*PROVIDED RECORDS*:
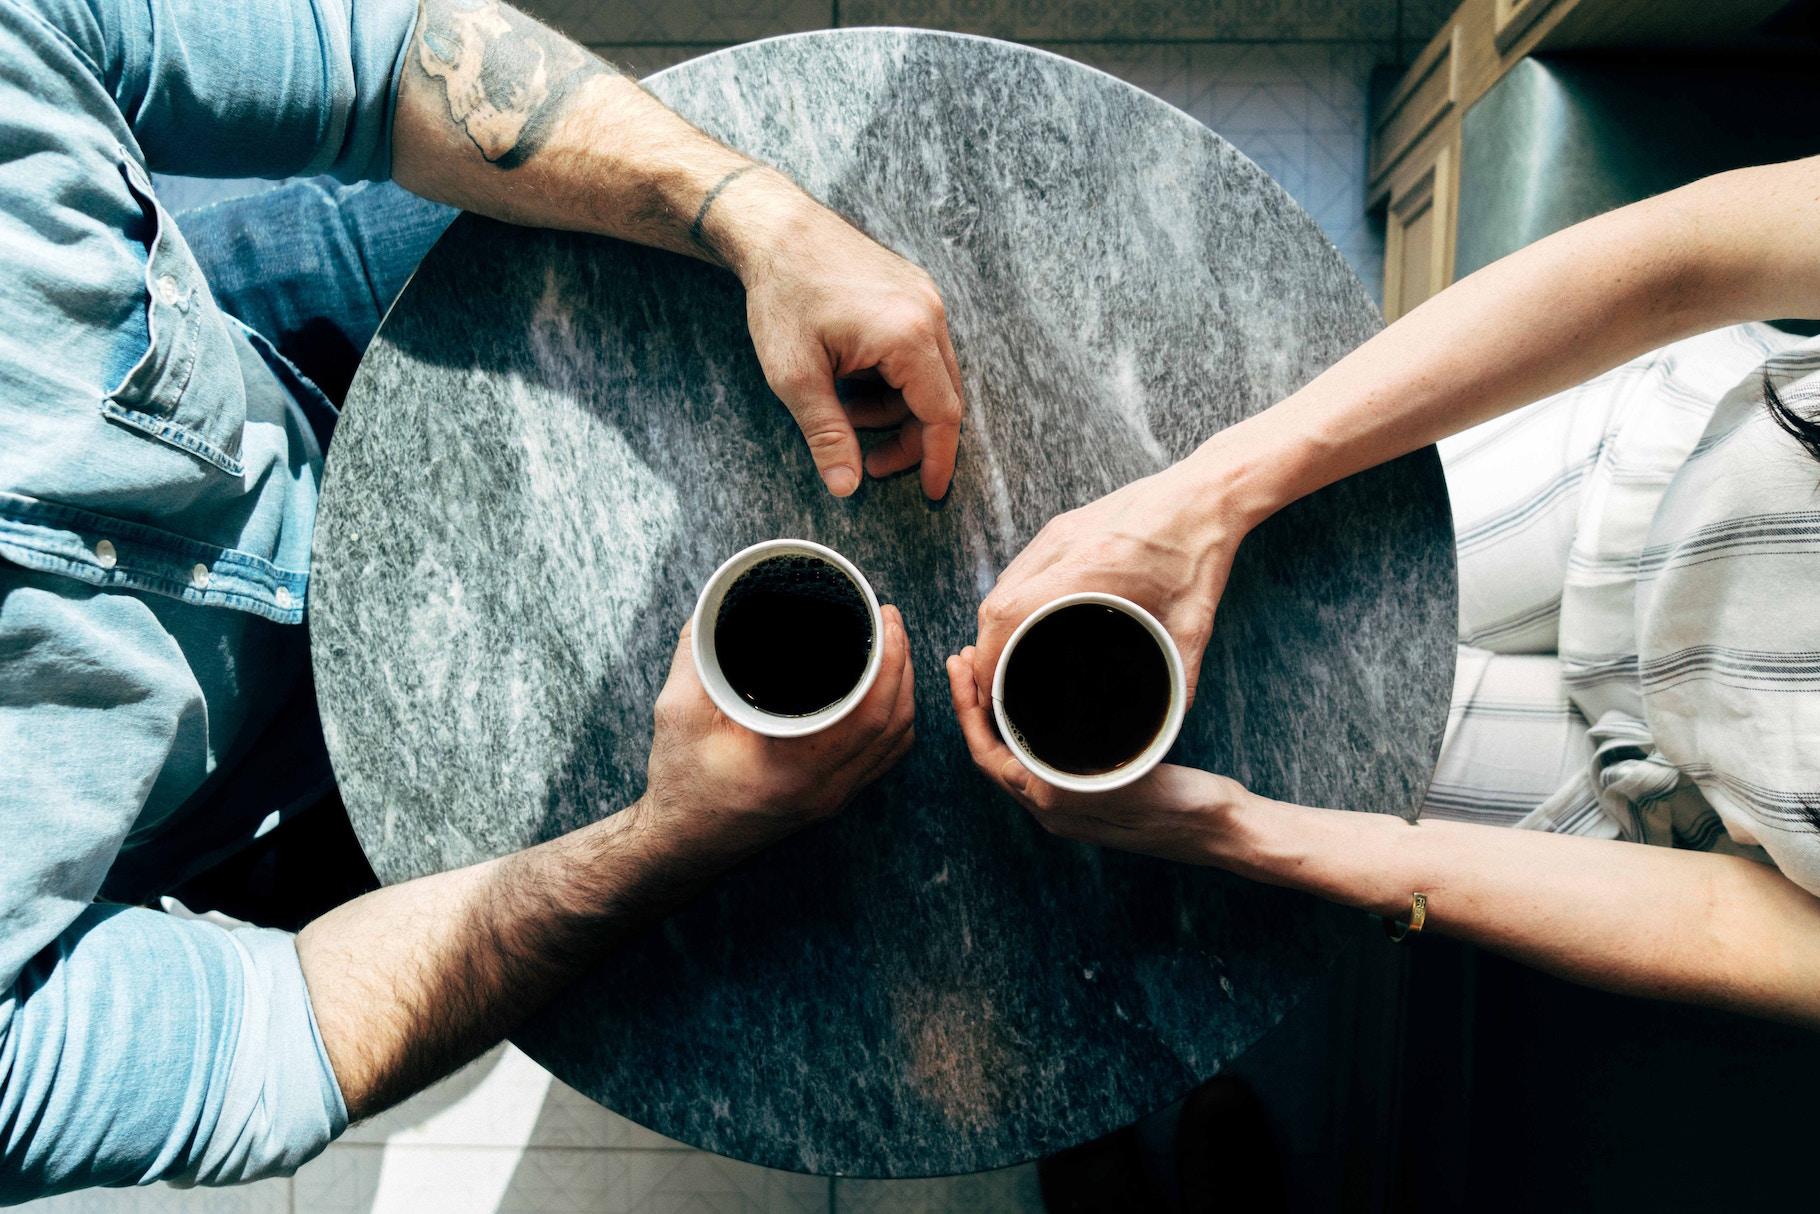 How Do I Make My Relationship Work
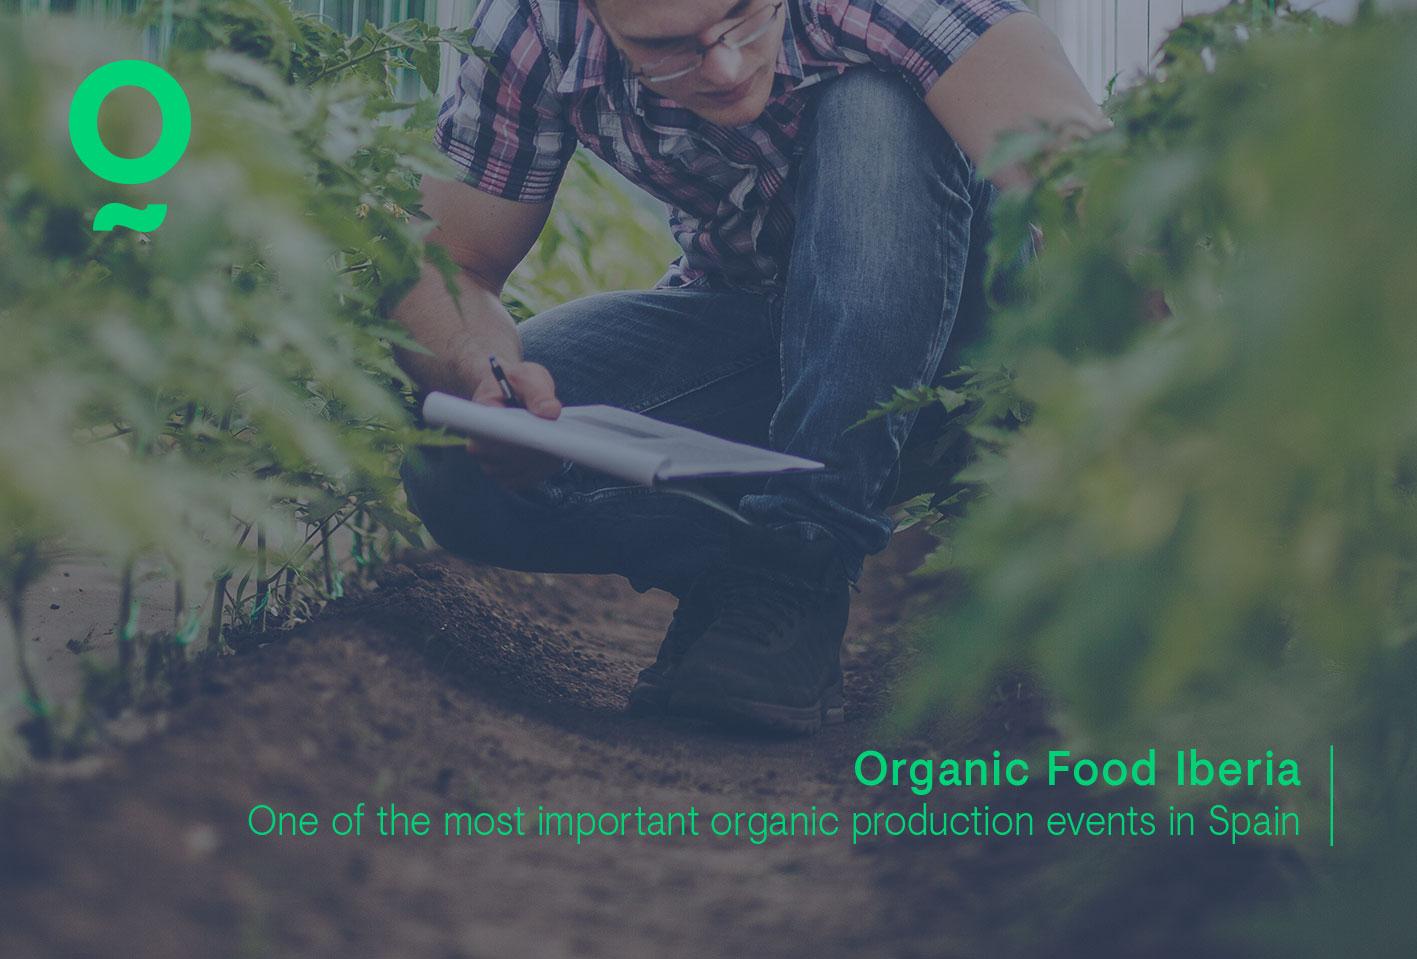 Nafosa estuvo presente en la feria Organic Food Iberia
...
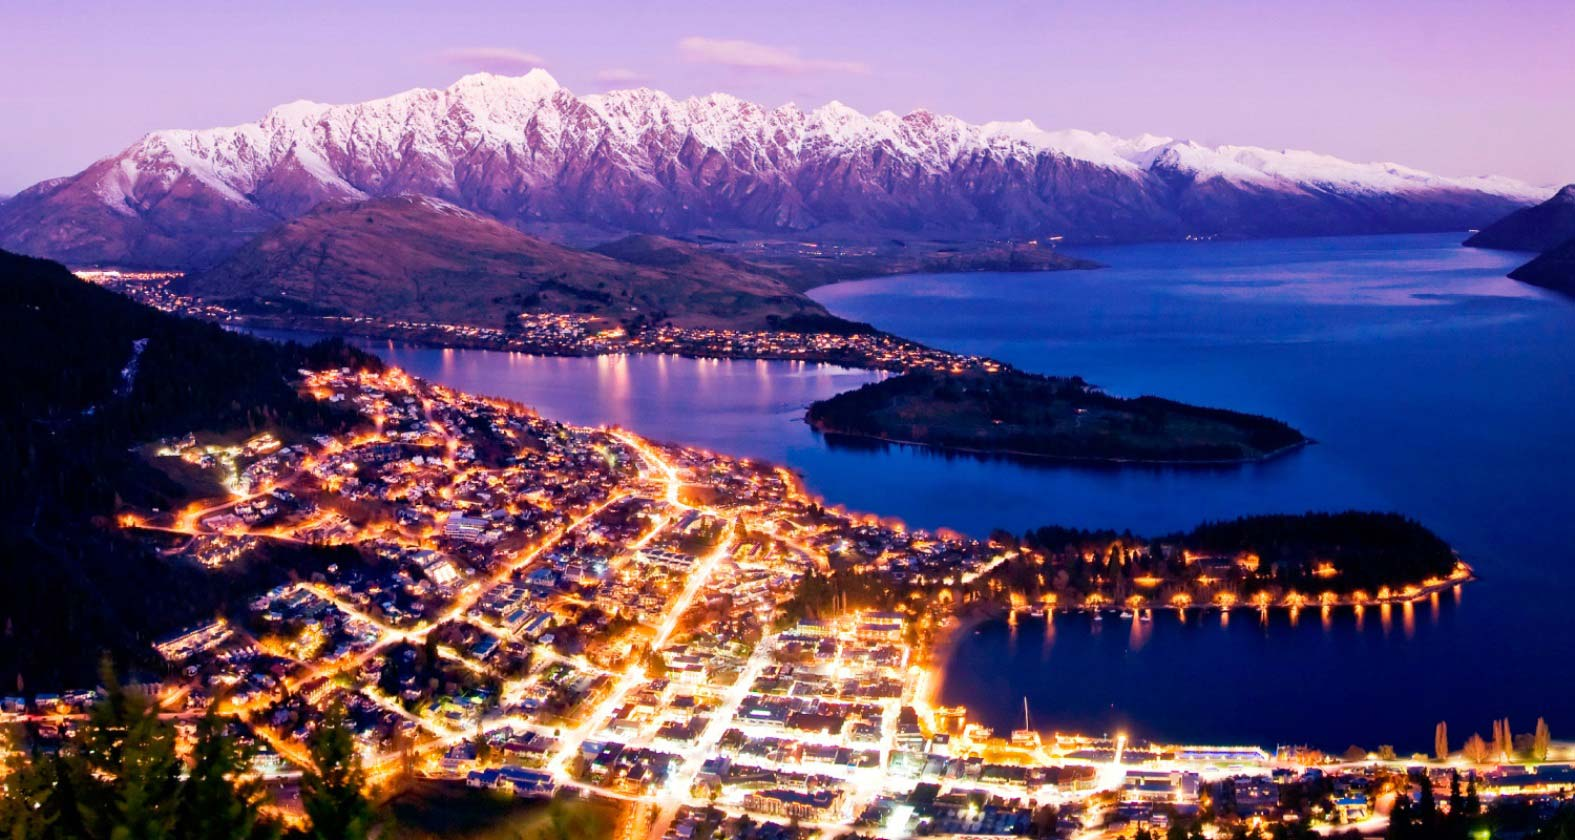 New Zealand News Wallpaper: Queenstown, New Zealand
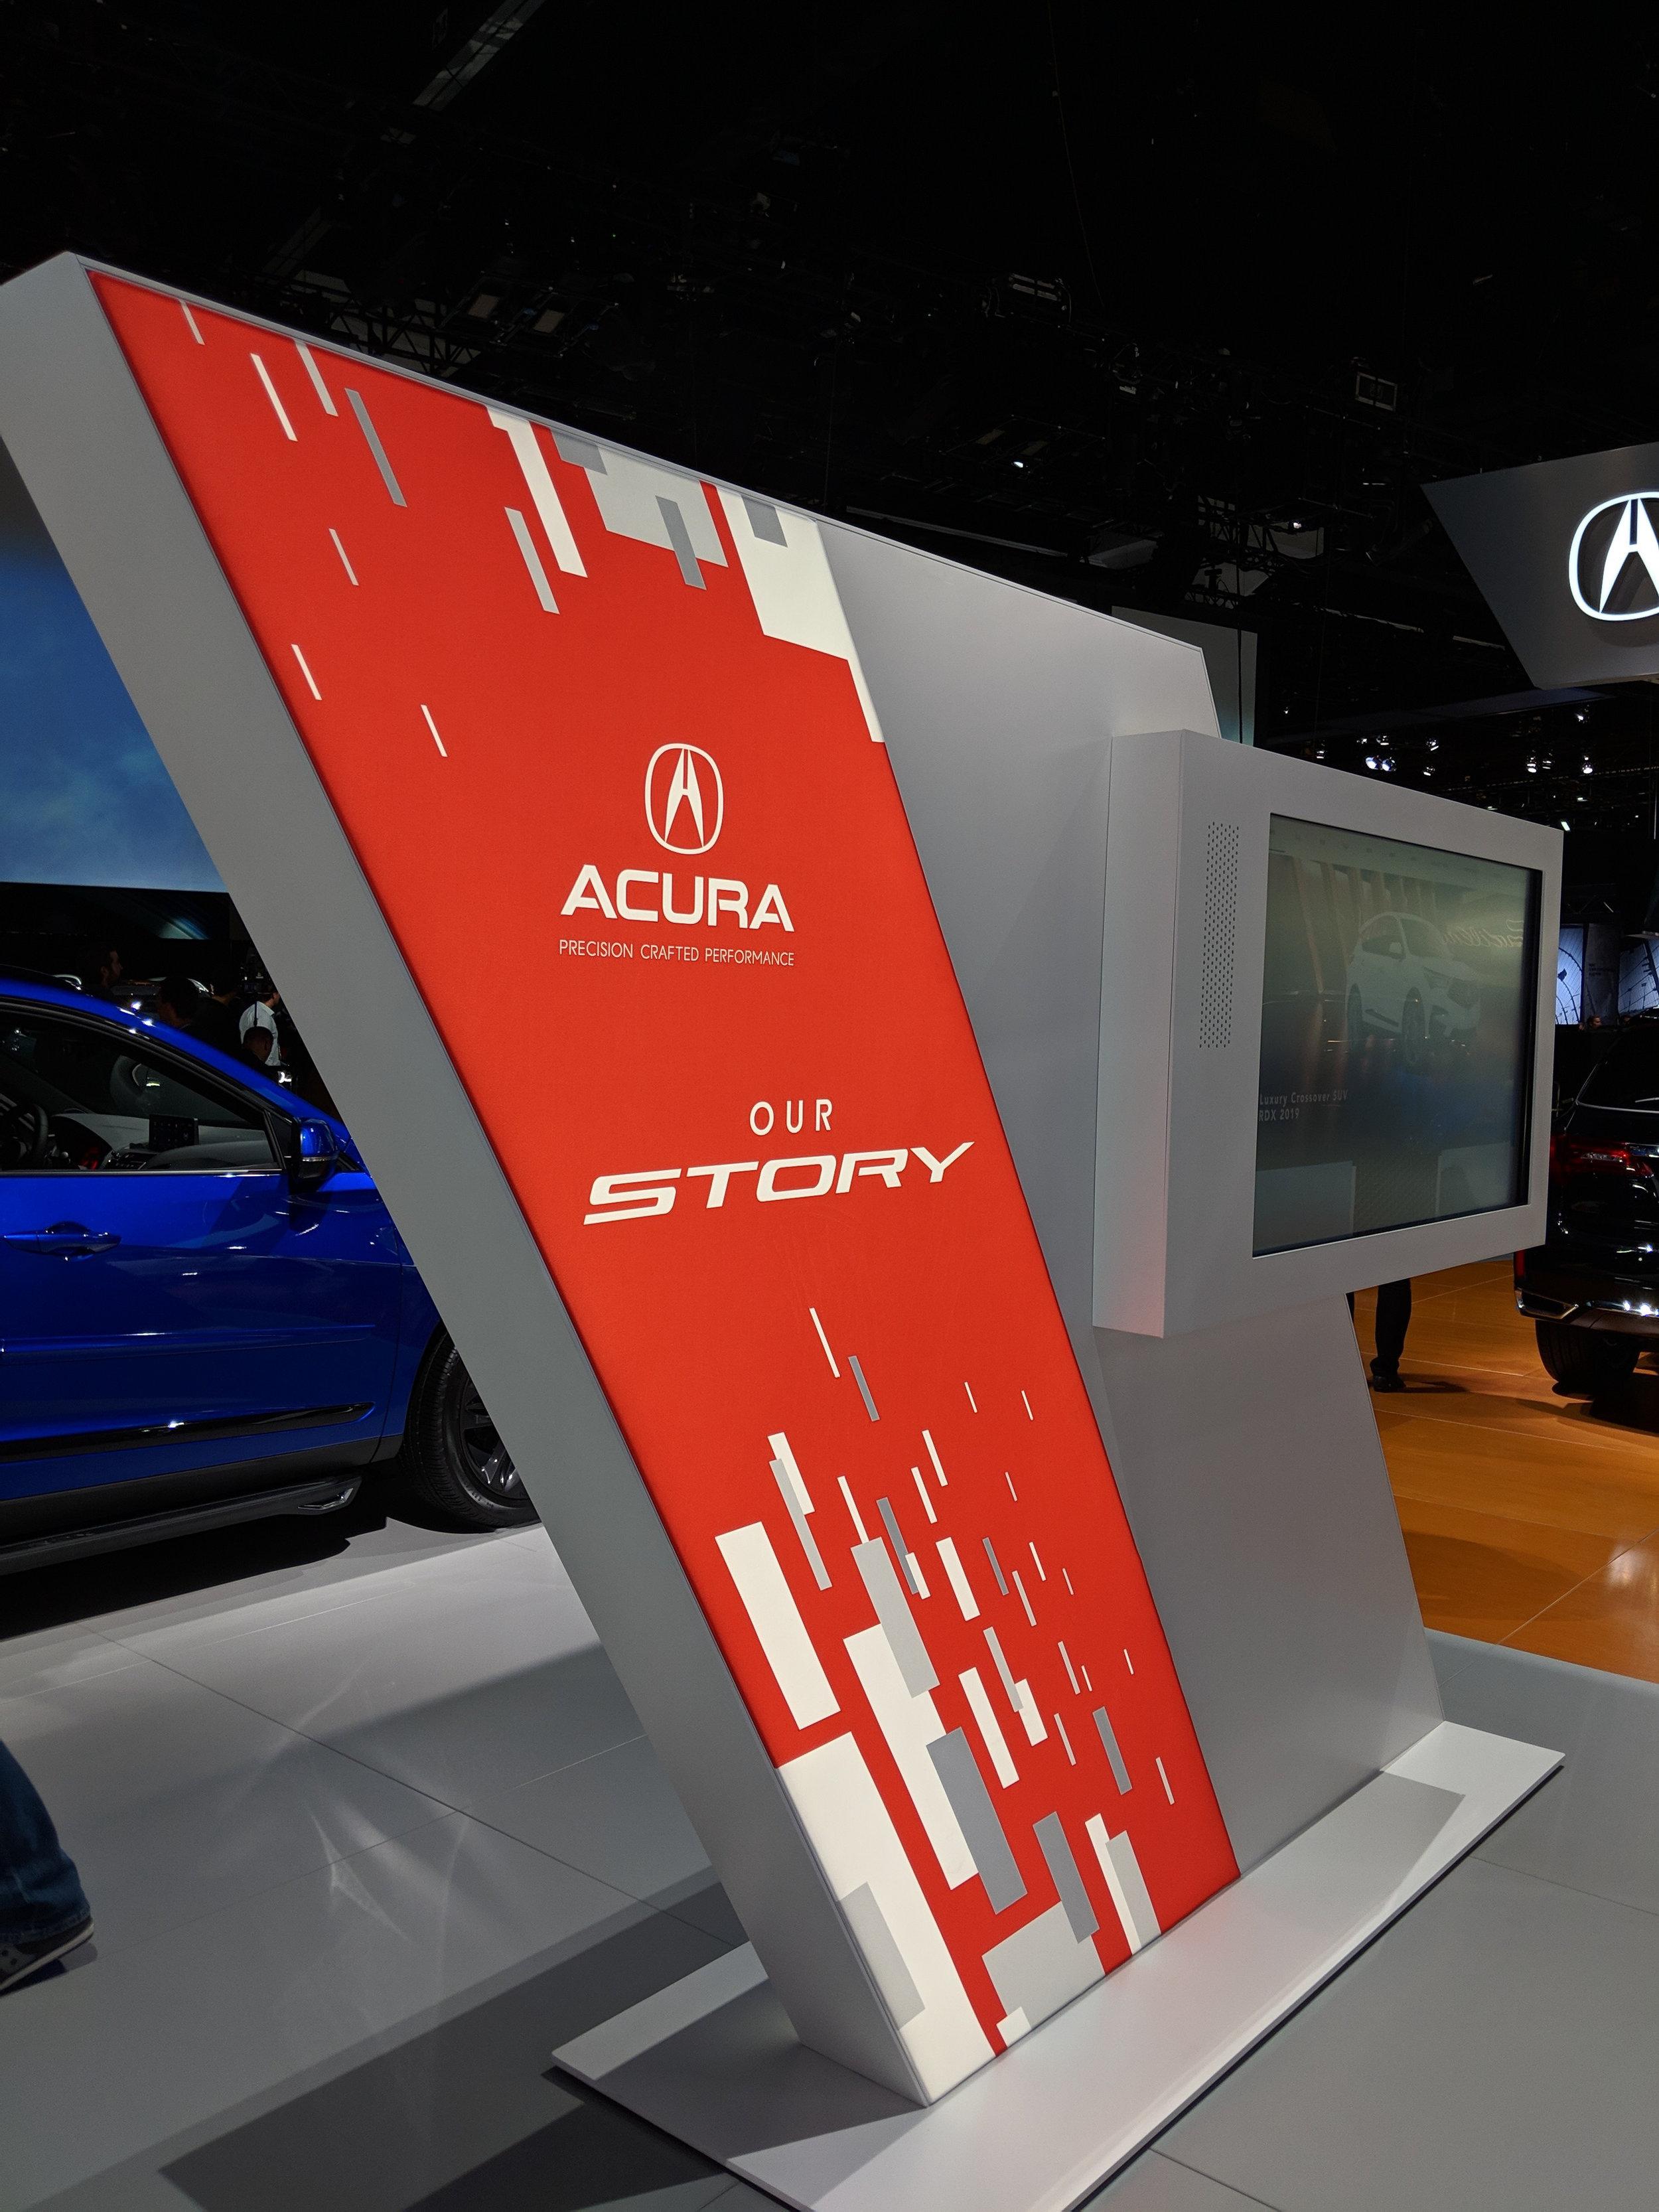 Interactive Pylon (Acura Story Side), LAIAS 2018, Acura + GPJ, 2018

*INSTRUCTIONS FOR THE TASK*:
Please print the lines above word for word, starting at the one with "How Do I Make My Relationship Work" and ending at the one with "Nafosa estuvo presente", both included, and without any picture.

*RESULT FOR THIS TASK*:
 How Do I Make My Relationship Work
 Nafosa estuvo presente en la feria Organic Food Iberia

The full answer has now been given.